Data shown:
____________________

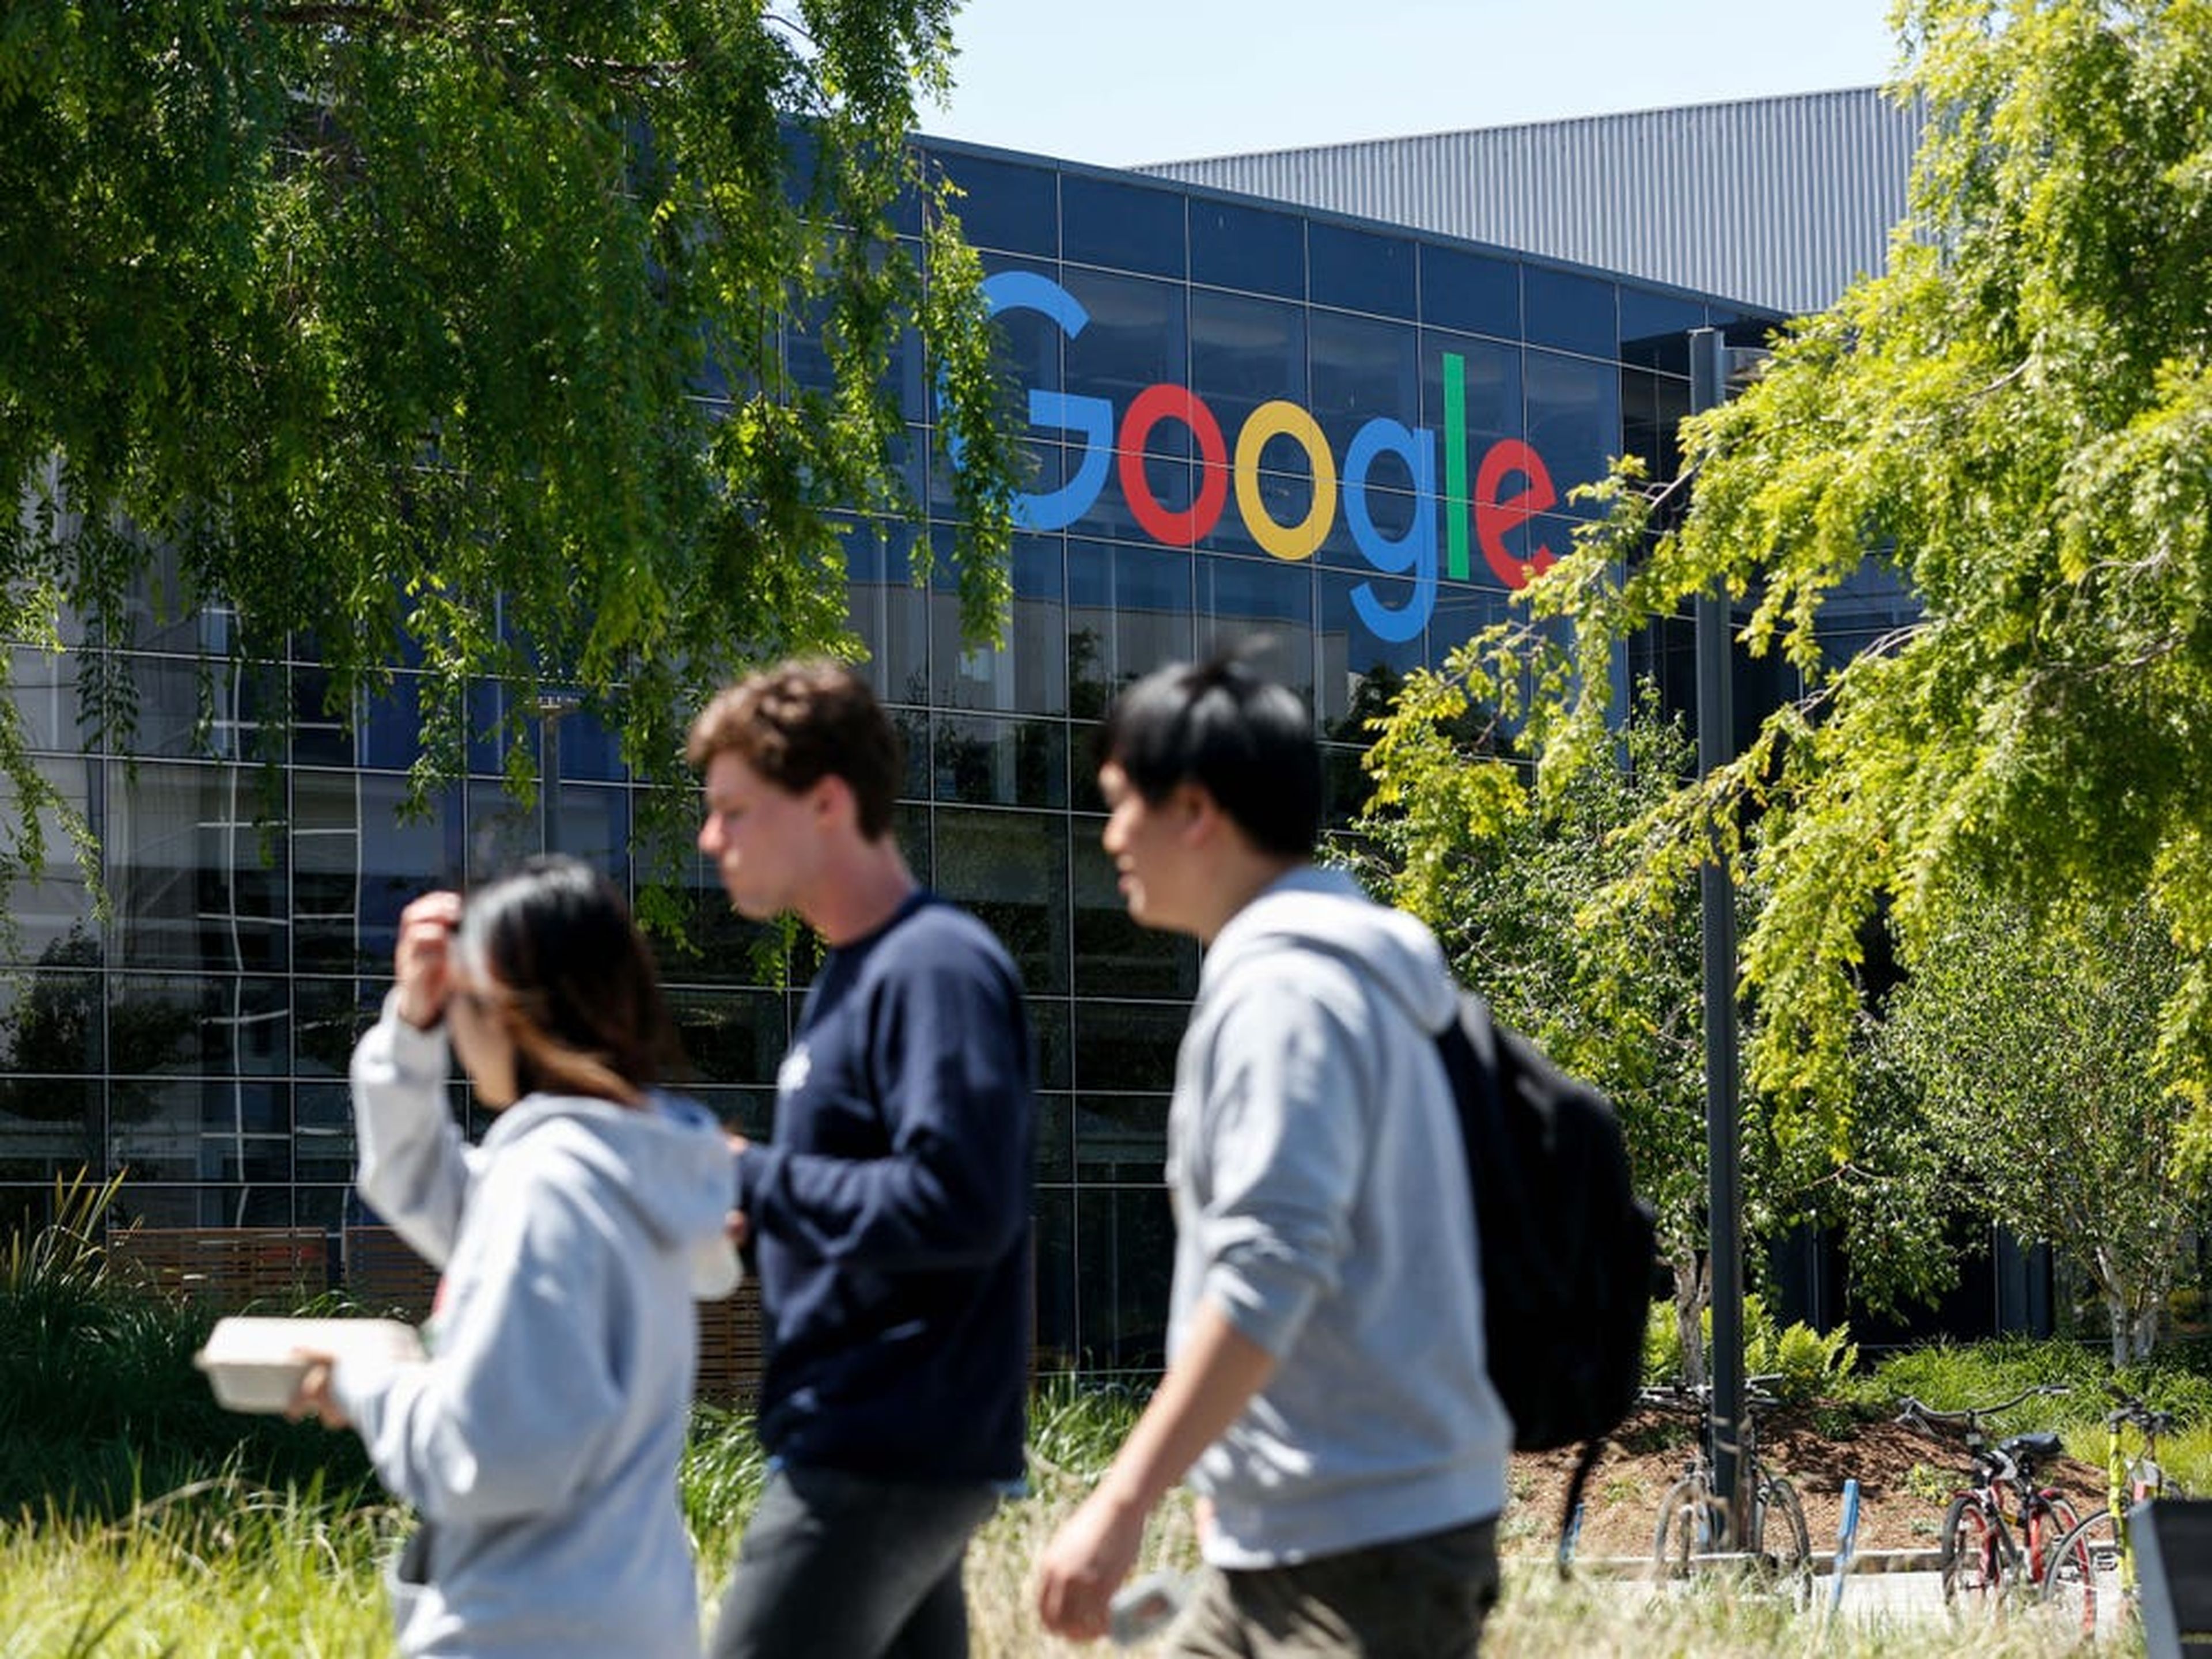 Google dice que tratará sus certificados como el equivalente a un título de 4 años.
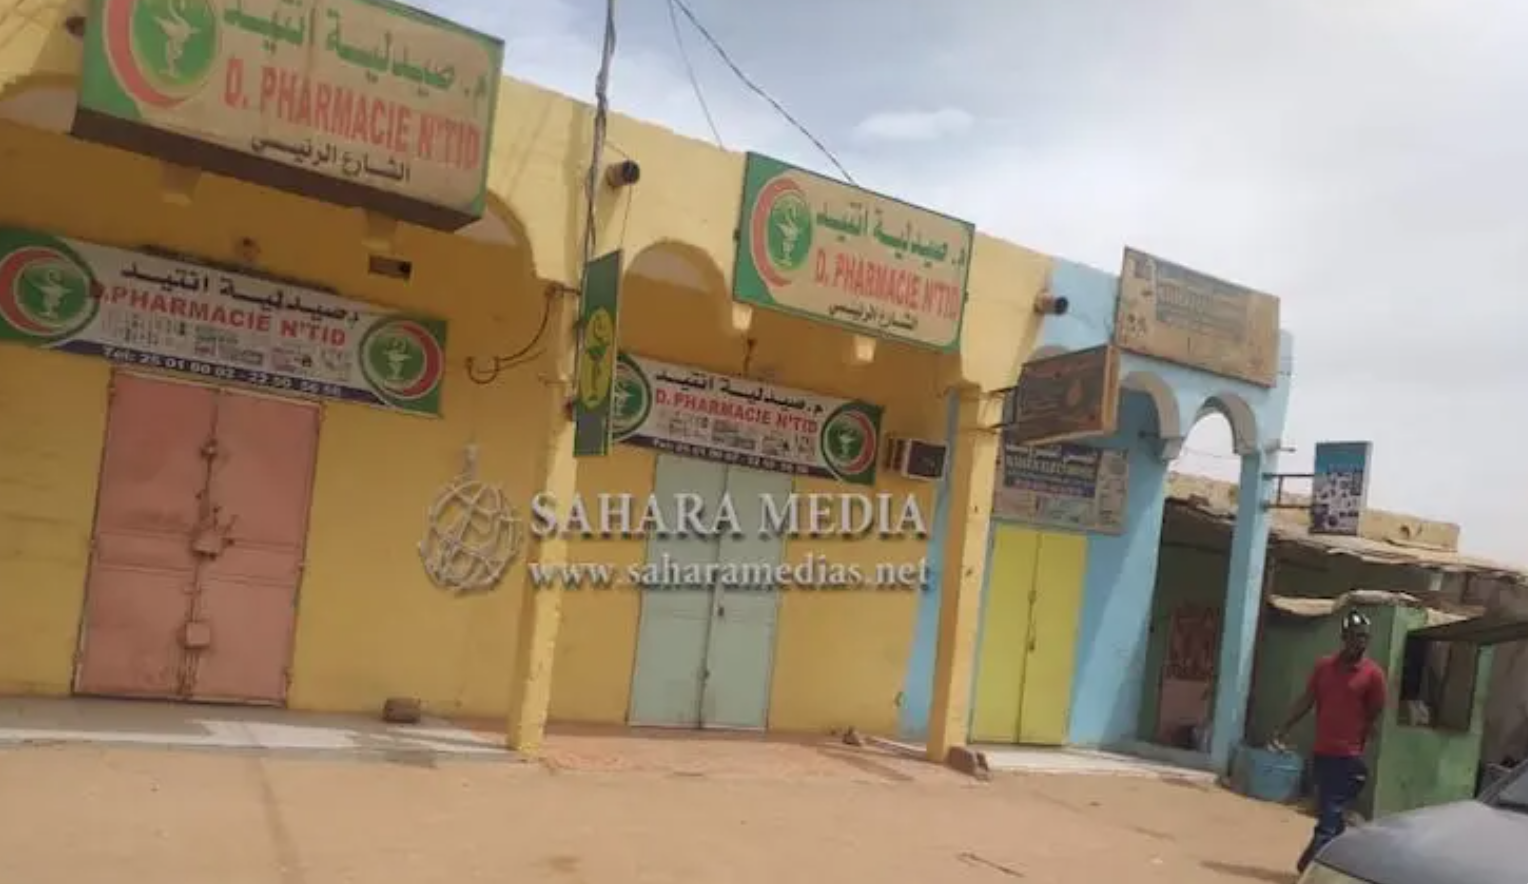 Mauritanie : le ministère de la santé procède à la fermeture momentanée de pharmacies ayant commis des infractions
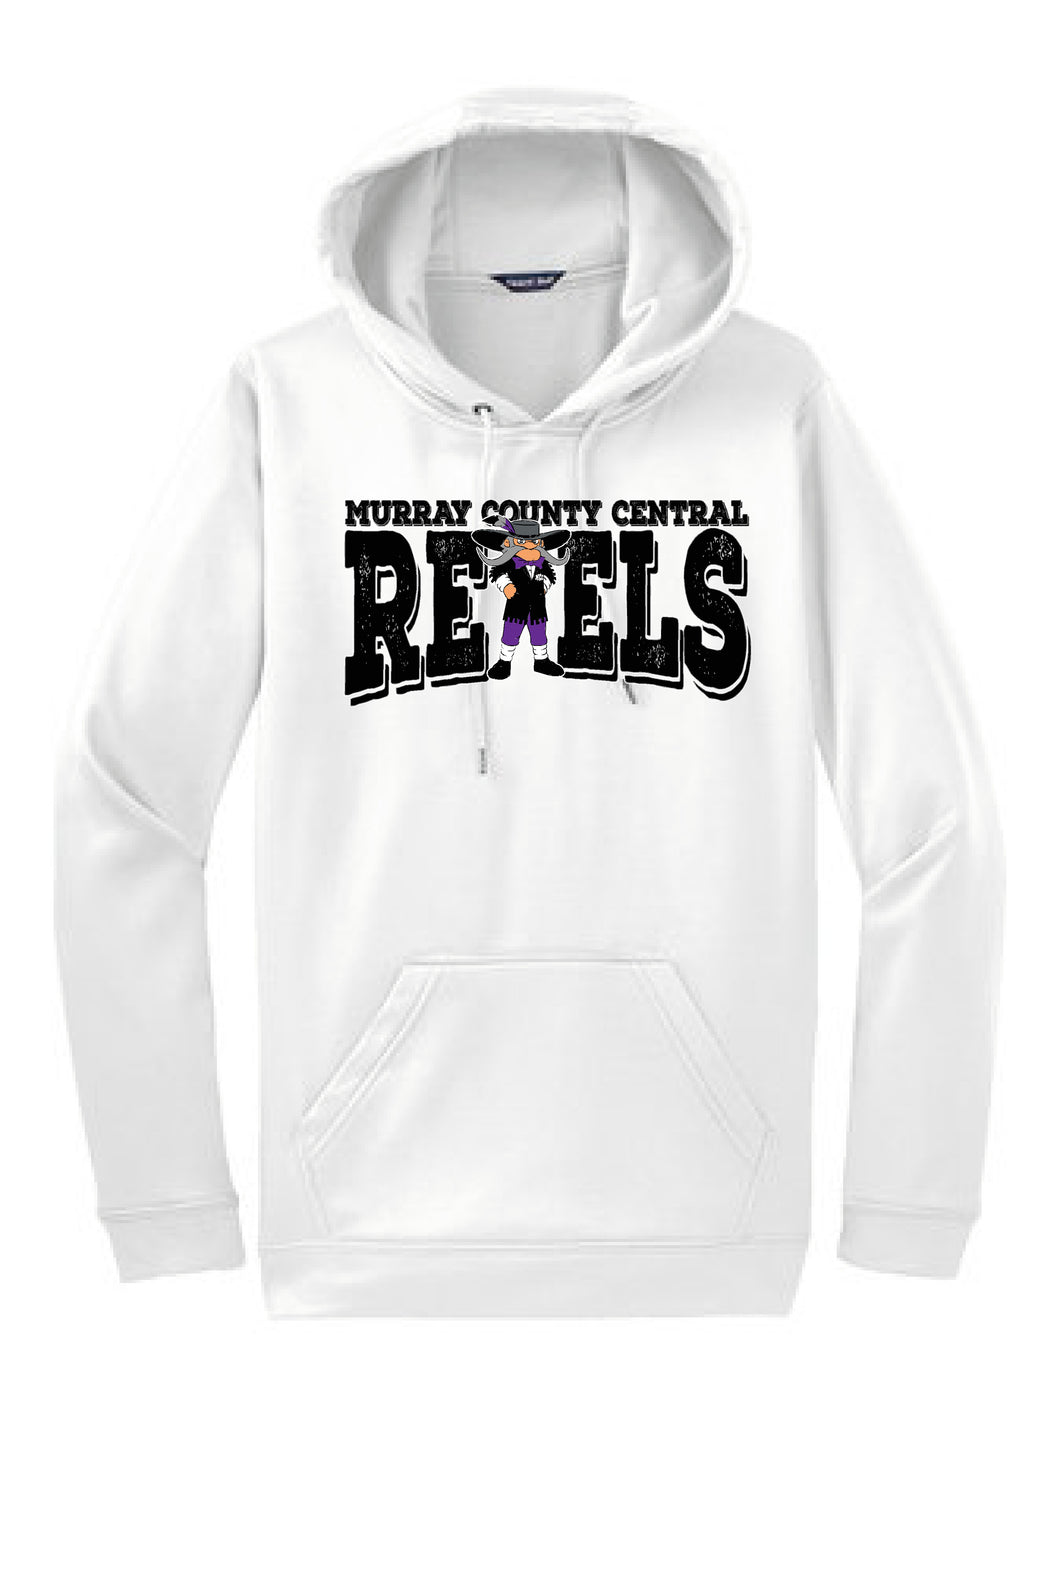 MCC Rebels Rudy Sport-Tek Hooded Sweatshirt - White
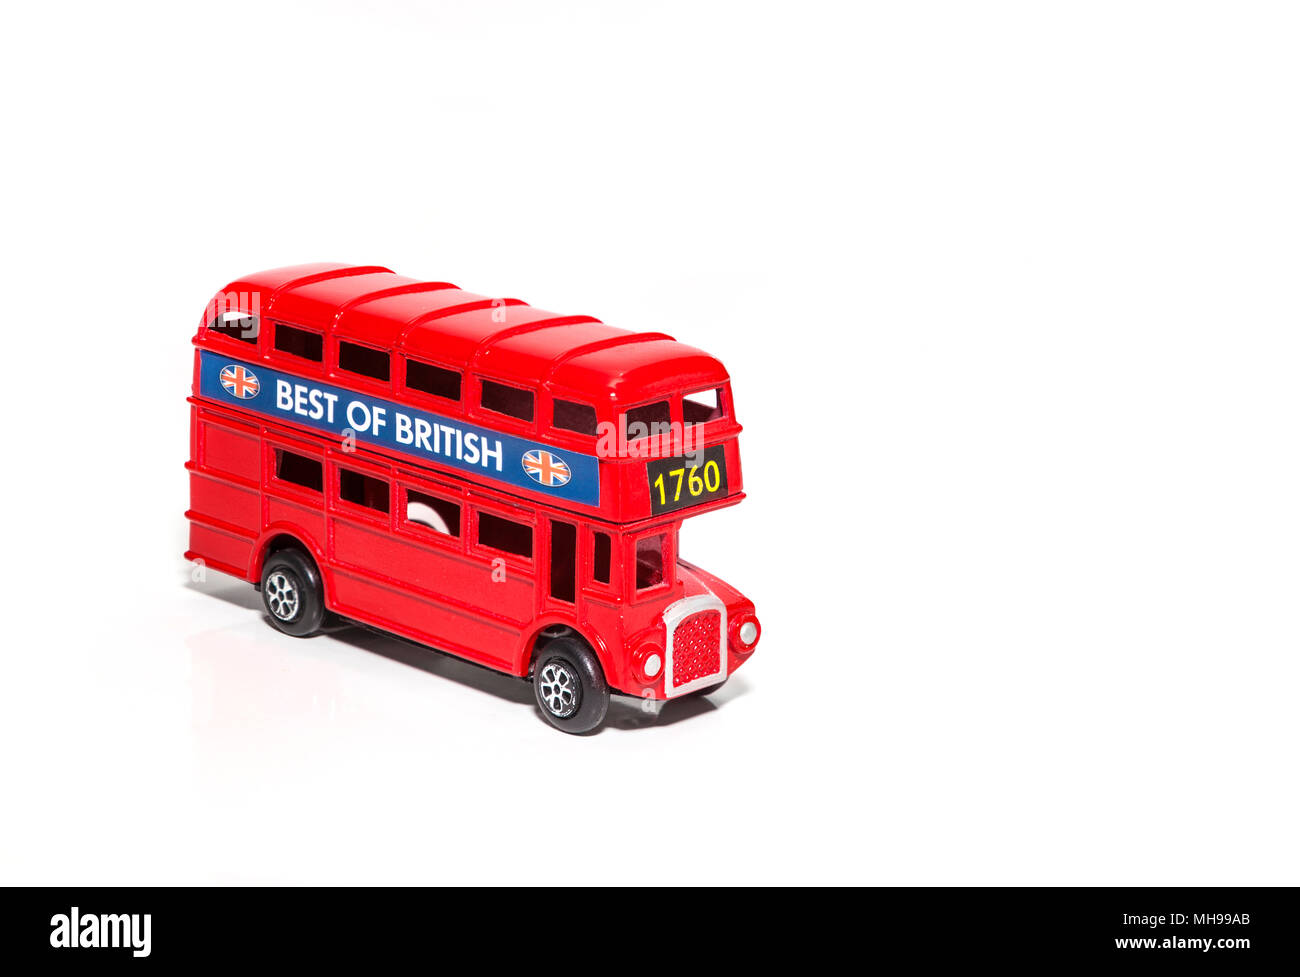 Un bus rouge de Londres Doubledecker Isolé sur fond blanc Banque D'Images

____________________

What to produce: Only those lines from the one containing "MCC Rebels Rudy" to the end of the material above, retyped exactly and without pictures, belong in your reply.

Solution below:
 MCC Rebels Rudy Sport-Tek Hooded Sweatshirt - White
 Un bus rouge de Londres Doubledecker Isolé sur fond blanc Banque D'Images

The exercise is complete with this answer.